There’s not a lot to say about the exercise and stress relief parts. I have not brought my stress levels down as much as I probably should have (although I have taken decidedly less involved positions in both Penguicon and ConFusion), and I haven’t really had both time and cash to blow on frivolity like massages. For exercise, I’m still walking several miles per week when I can fit it into my schedule, cycling when I get the time (which is pretty rare) and lifting weights for stamina more than strength. Time has been as much of a factor as anything in that area, but that’s not new material if you know me very well.
So from here, I guess it’s just more of the same. I am going to continue to keep track of things on myfitnesspal, as it’s more convenient and quick to use than was Spark. My calories will continue to get adjusted periodically, and my carbs will rise infrequently as well.
I am really hoping to work out a way to get more exercise in (I really wanna play racquetball again) but with my daughter starting sports after school, my already stretched schedule is going to be pretty screwed.
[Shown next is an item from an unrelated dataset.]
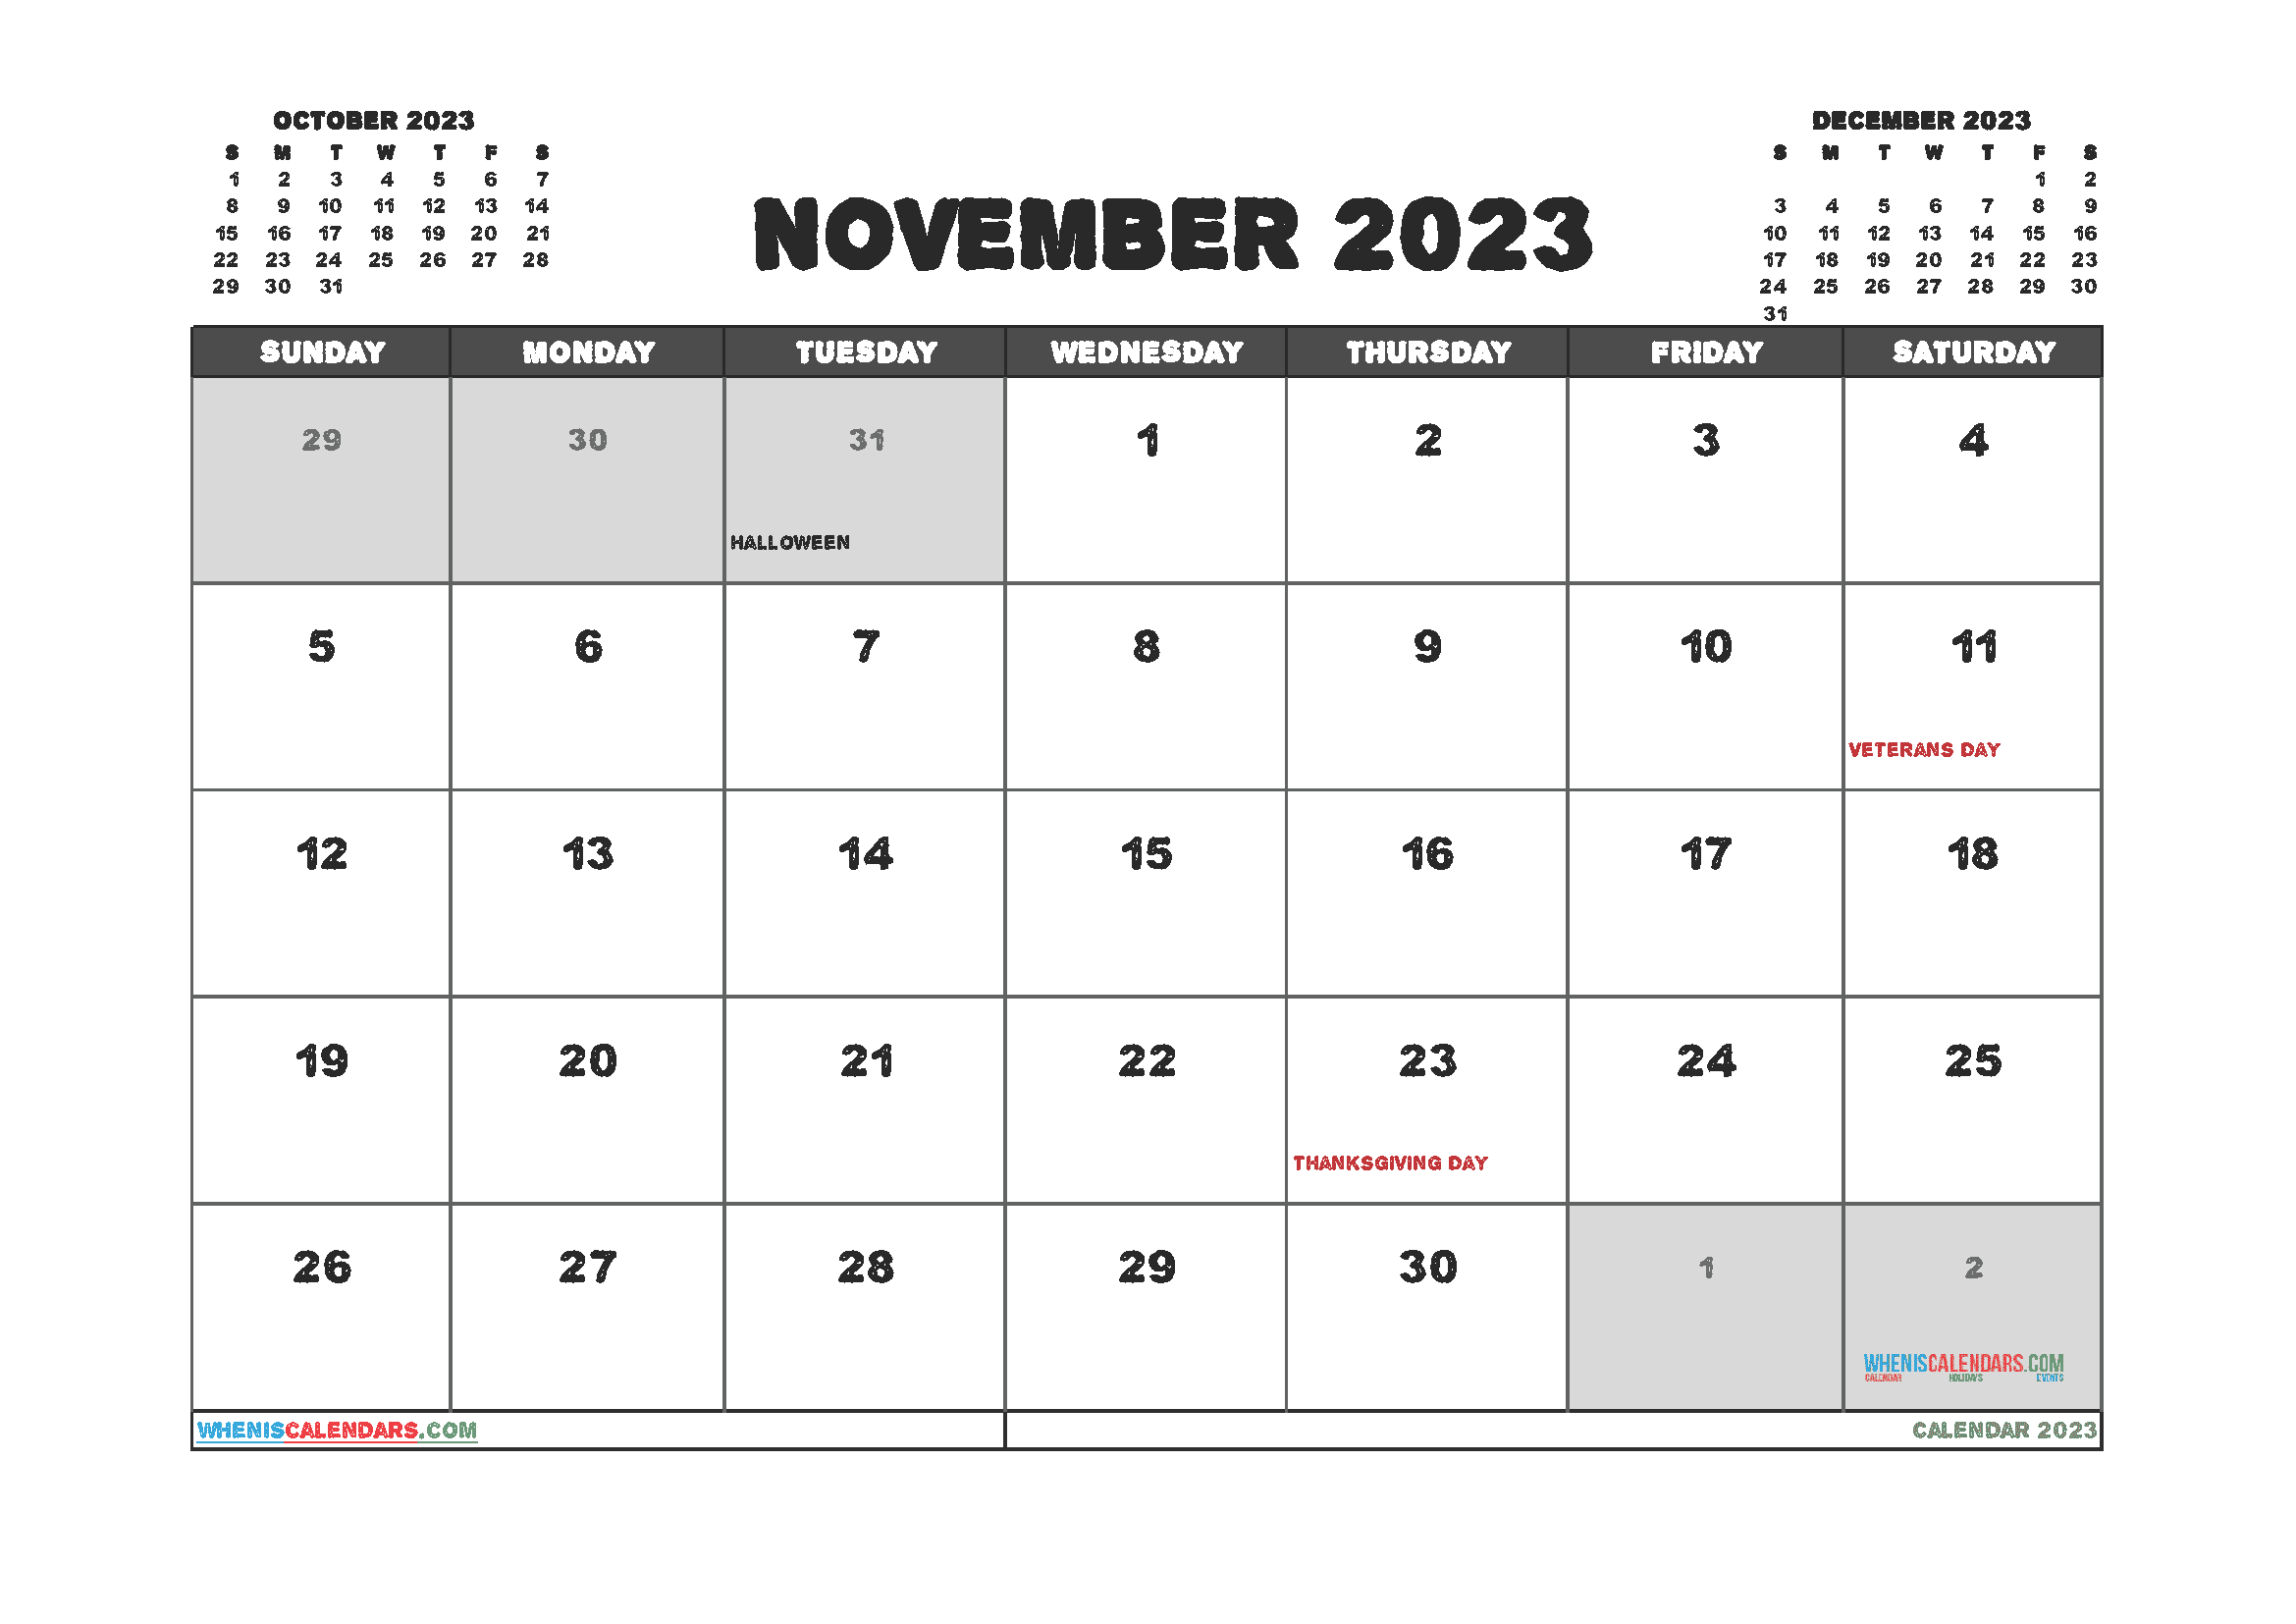 Free Calendar November 2023 Printable

I’m hoping to see at least 30 to 40 more pounds of loss, but at a more reasonable rate, so with luck by next summer things will have tapered off to a natural weight for me. If it doesn’t, though, I’m not going to sweat it.
In all, I’m pretty happy with the way things are going; and that’s important, because as I was explaining to someone a week or so ago, there’s no finish-line on this one. This isn’t a diet, it’s a new version of my diet. I’m making changes that will hopefully last, so it’s important that I am pleased with how things are. That’s really the essential bit.